The Diplomat
Sovereign wealth funds will have over $15.1 trillion in global investment assets by 2026, according to the Sovereign Wealth Funds Report 2026, prepared by the Center for Governance for Change at IE University, in collaboration with ICEX-Invest in Spain, and presented this Friday at ICEX headquarters in Madrid.
The study, which analyzes the activity of these investment vehicles between July 2024 and December 2025, confirms the consolidation of sovereign wealth funds as central players in global private markets. In more than half of the large transactions exceeding one billion dollars, these investors now act as strategic partners and main drivers, rather than minority co-investors.
Furthermore, the IE University and ICEX-Invest in Spain Sovereign Wealth Funds Report 2026 confirms, once again, a high concentration of activity among the world’s largest funds. Among them, Temasek (Singapore), GIC (Singapore), and Mubadala (Abu Dhabi) lead in number of transactions, while GIC tops the ranking by economic volume, followed by PIF (Saudi Arabia) and QIA (Qatar). Also noteworthy is the emergence of new players such as MGX, Abu Dhabi’s new technology investment fund, with significant investments in AI and technology.
In the case of Spain, the report confirms the country’s growing importance as a destination for sovereign capital. Between July 2024 and December 2025, Spain registered 18 direct transactions, with a combined value of €6.7 billion—equivalent to $7.6 billion. Broken down by fiscal year, direct sovereign investment in Spain exceeded €4.3 billion in 2024 and €2.2 billion in 2025.
Of these 18 transactions, twelve corresponded to foreign sovereign wealth funds and six to domestic investment vehicles, reflecting both Spain’s capacity to attract long-term international capital and the consolidation of its own public co-investment architecture. For the second consecutive year, Spain ranks sixth globally in terms of the value of transactions involving sovereign participation, and second in the EU, only behind Germany.
The activity is concentrated in sectors that are strategic for the Spanish economy: renewable energy, digital infrastructure, higher education and student residences, technology, and industry.
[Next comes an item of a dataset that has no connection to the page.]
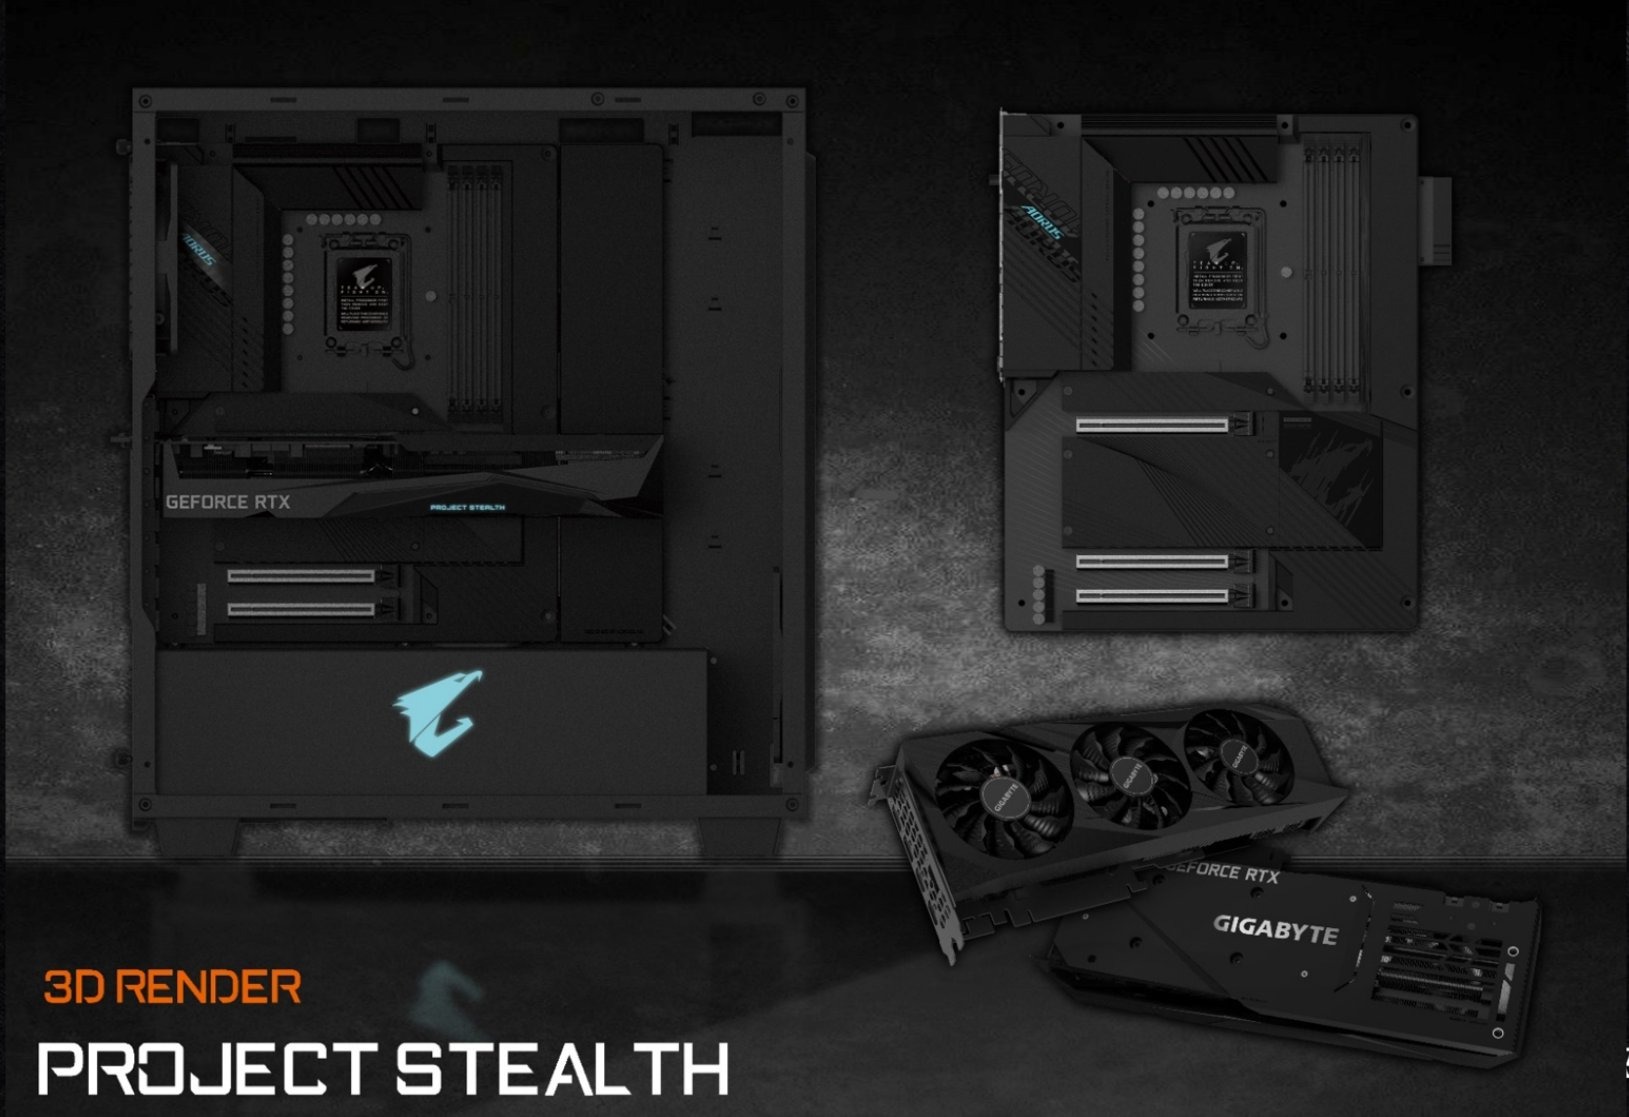 ASUS : Project Stealth, une gamme PC de produits pour rendre vos câbles "invisibles"

Among the most significant transactions are the investments by Mubadala (of Abu Dhabi, which has strengthened its position as the leading sovereign investor in Spain, especially since its acquisition of a stake in Cepsa, now Moeve, in 2009) and Masdar in renewables and education; GIC’s (of Singapore) investment in telecommunications infrastructure and student residences; the presence of the Temasek-Keppel ecosystem in data centers; and the initial deployment of the FOCO co-investment fund (managed by Cofides) in Spanish companies and platforms.
Furthermore, Norway’s sovereign wealth fund, through its Government Pension Fund Global, held a position exceeding €24 billion at the end of 2025, a 21% increase compared to the end of 2024, encompassing corporate and sovereign debt, listed shares, and investments in private markets (renewable infrastructure).
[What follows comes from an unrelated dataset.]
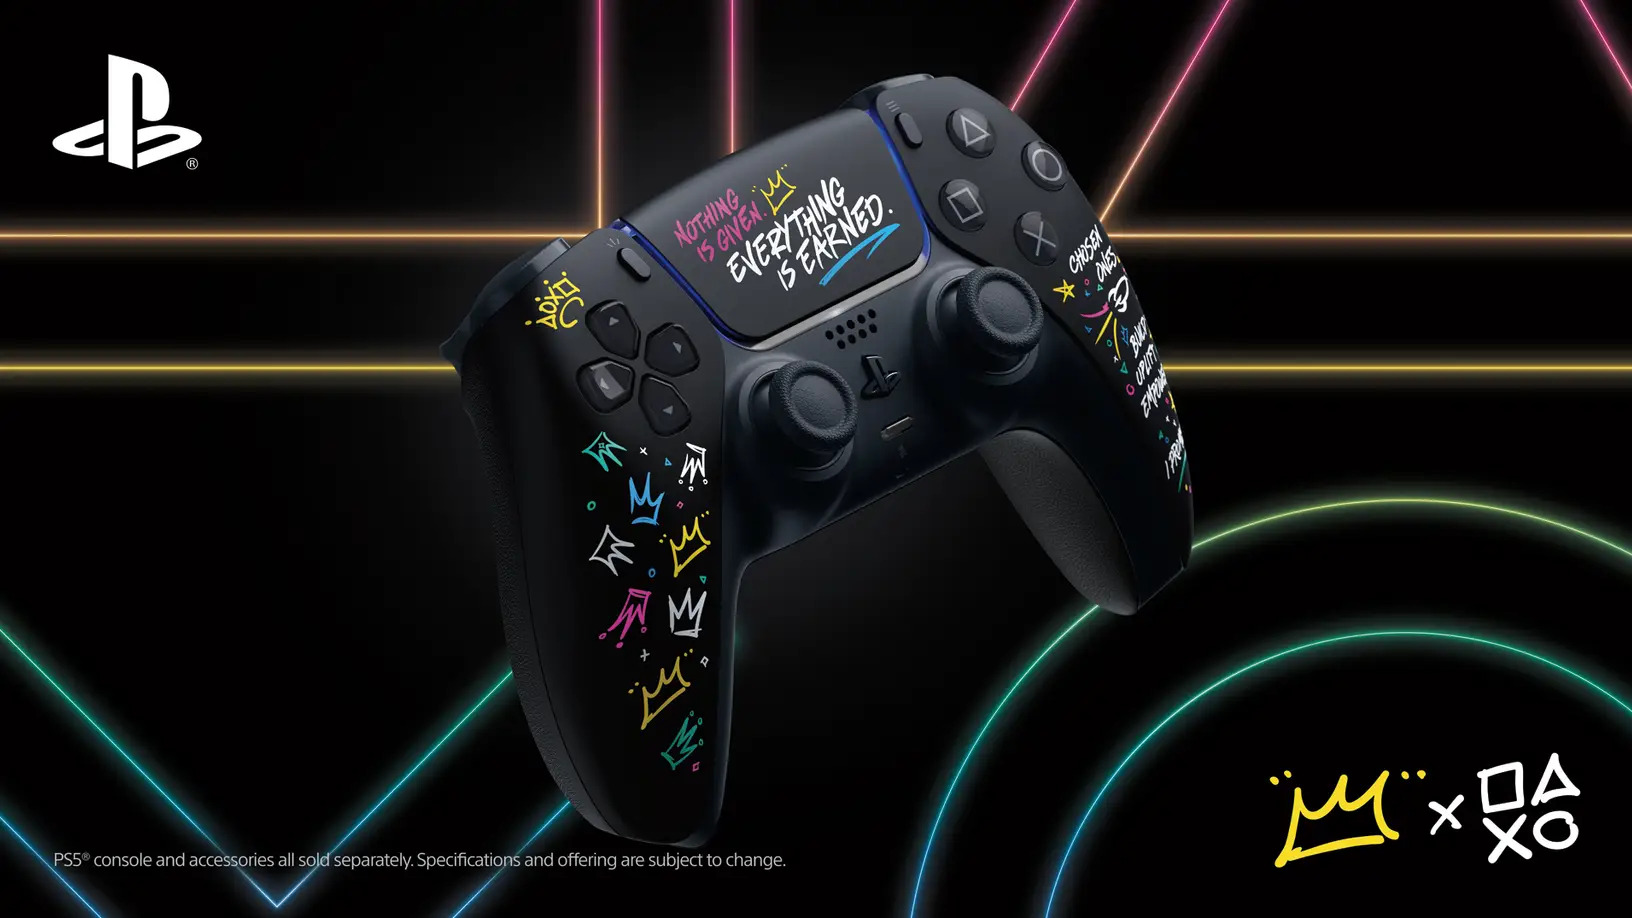 Imagem mostra linha especial de acessórios do PlayStation 5, tematizados a partir da marca LeBron James

Meanwhile, Norway’s Government Pension Fund Global, the world’s largest sovereign wealth fund with approximately €1.85 trillion in assets under management at the end of 2025, maintains the most diversified sovereign wealth position in Spain and the largest in aggregate volume.
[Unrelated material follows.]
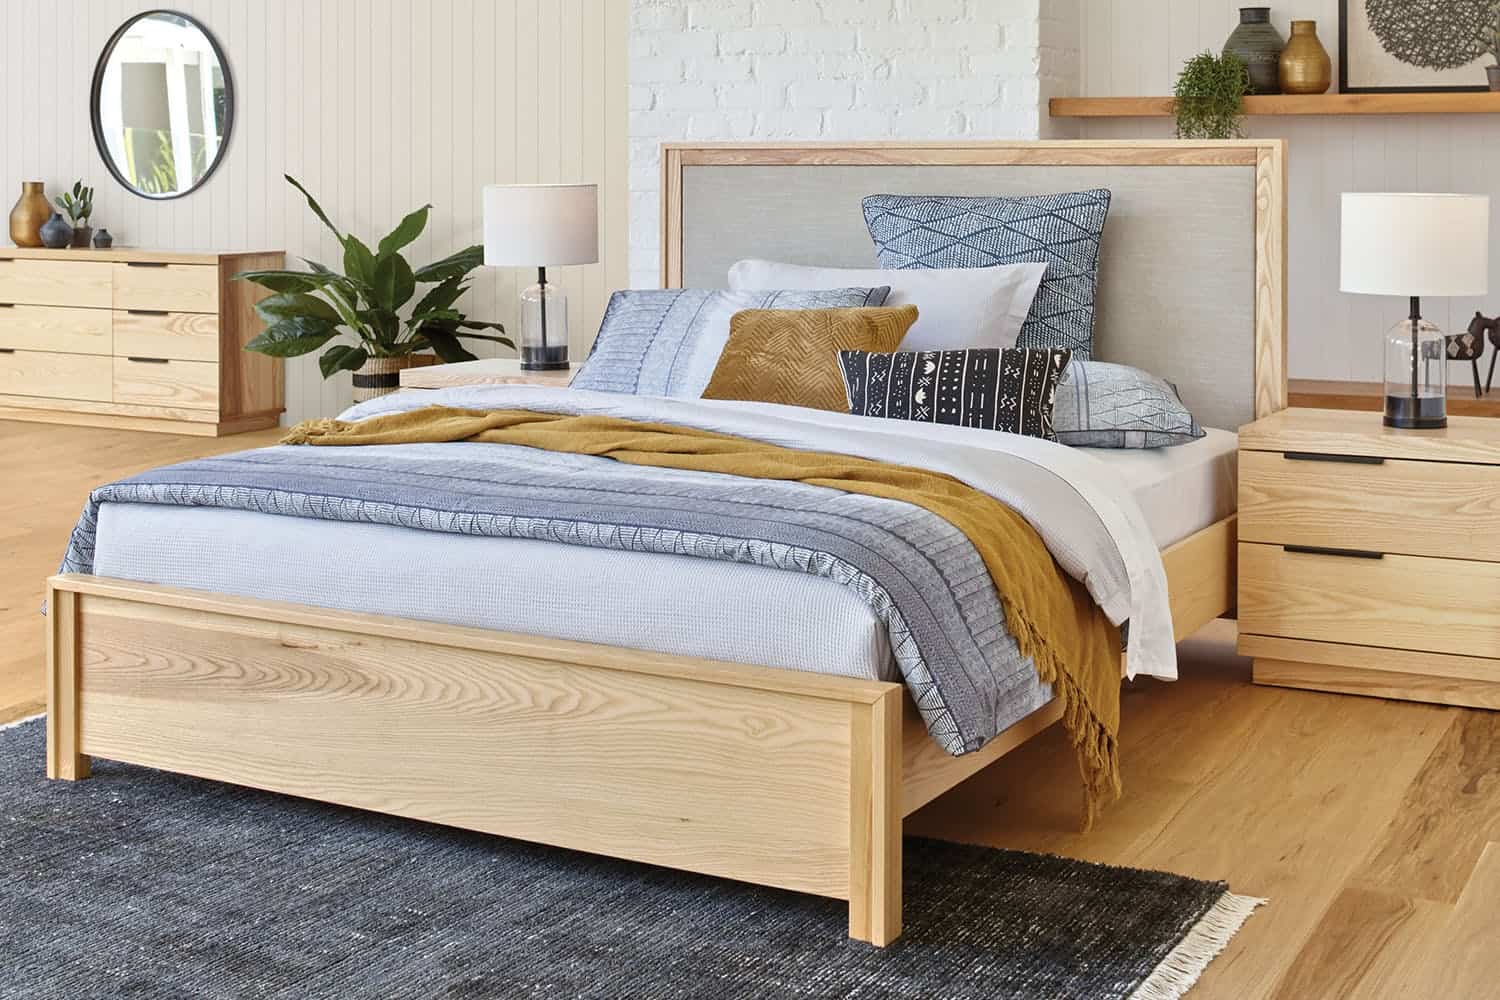 Giường ngủ gỗ tự nhiên đầy sang trọng và hài hòa với thiên nhiên

At the close of 2025, this sovereign wealth fund’s exposure in Spain stood at an estimated total of €24.1 billion. The majority of this is channeled into listed shares (€14.3 billion), concentrated in the largest companies on the Spanish Stock Exchange: Iberdrola (approximately €3 billion), BBVA and Santander (approximately €2.5 billion each), Inditex (€1.4 billion), and Amadeus (€713 million). Its largest position is in Amadeus, where it holds over 2.5% of the capital.